🤖 AI Summary
Existing ROI-based image compression methods rely on pre-defined, fixed regions, limiting their adaptability to diverse user-specific semantic requirements and quality preferences. To address this, we propose a customizable, text-driven ROI compression framework: (1) semantic-level ROI masks are generated under textual guidance; (2) a tunable mask intensity mechanism enables dynamic rate-distortion trade-offs between ROI and non-ROI regions; and (3) a mask-aware attention module in the latent space refines feature representation. The framework supports end-to-end training without requiring manual ROI annotations. Experiments demonstrate that, across diverse user-provided textual descriptions, our method significantly improves ROI reconstruction fidelity while preserving overall compression efficiency—outperforming conventional fixed-ROI approaches across all metrics. To the best of our knowledge, this is the first work to achieve semantically controllable, quality-adjustable, personalized deep image compression.
📝 Abstract
Region of Interest (ROI)-based image compression optimizes bit allocation by prioritizing ROI for higher-quality reconstruction. However, as the users (including human clients and downstream machine tasks) become more diverse, ROI-based image compression needs to be customizable to support various preferences. For example, different users may define distinct ROI or require different quality trade-offs between ROI and non-ROI. Existing ROI-based image compression schemes predefine the ROI, making it unchangeable, and lack effective mechanisms to balance reconstruction quality between ROI and non-ROI. This work proposes a paradigm for customizable ROI-based deep image compression. First, we develop a Text-controlled Mask Acquisition (TMA) module, which allows users to easily customize their ROI for compression by just inputting the corresponding semantic emph{text}. It makes the encoder controlled by text.

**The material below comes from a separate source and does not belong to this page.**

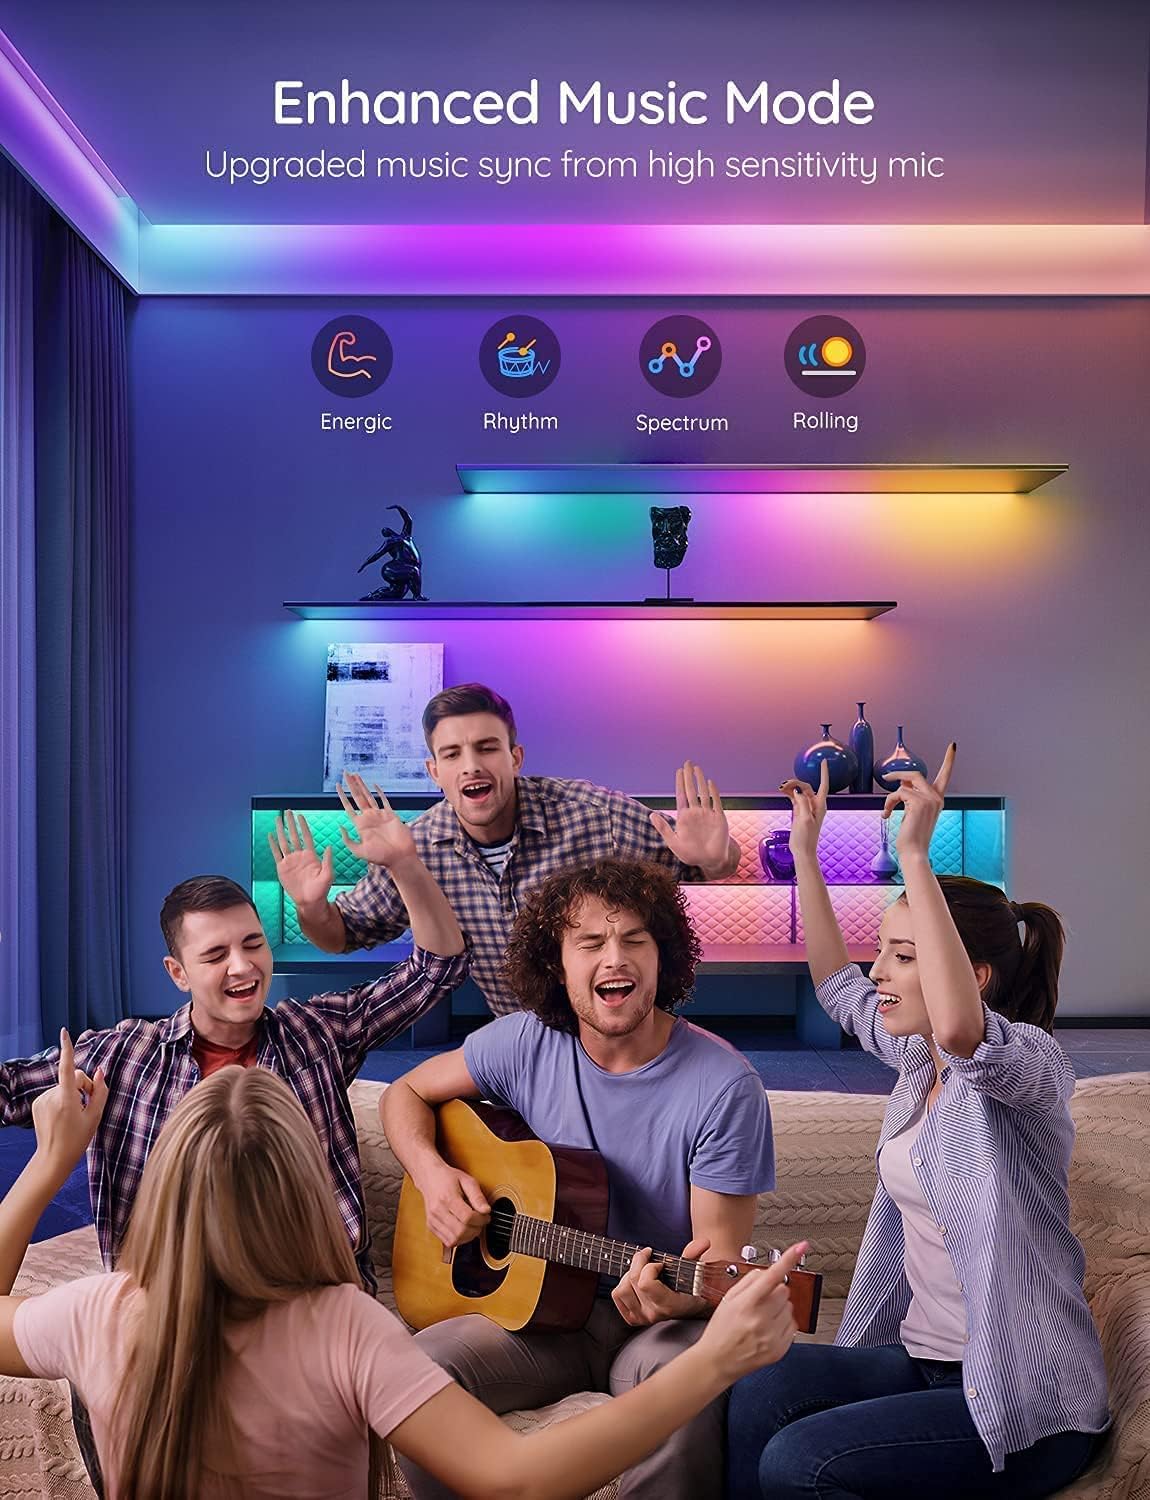 LED-Light-Strip-Led-Strip-Lights-5M-Smart-Light-Strips-with-Alexa-and-Google-Home-App-Control-Remote-16-Million-Colors-RGB-Led-Lights-for-Bedroom-Home-Kitchen-Party-45

Second, we design a Customizable Value Assign (CVA) mechanism, which masks the non-ROI with a changeable extent decided by users instead of a constant one to manage the reconstruction quality trade-off between ROI and non-ROI. Finally, we present a Latent Mask Attention (LMA) module, where the latent spatial prior of the mask and the latent Rate-Distortion Optimization (RDO) prior of the image are extracted and fused in the latent space, and further used to optimize the latent representation of the source image. Experimental results demonstrate that our proposed customizable ROI-based deep image compression paradigm effectively addresses the needs of customization for ROI definition and mask acquisition as well as the reconstruction quality trade-off management between the ROI and non-ROI.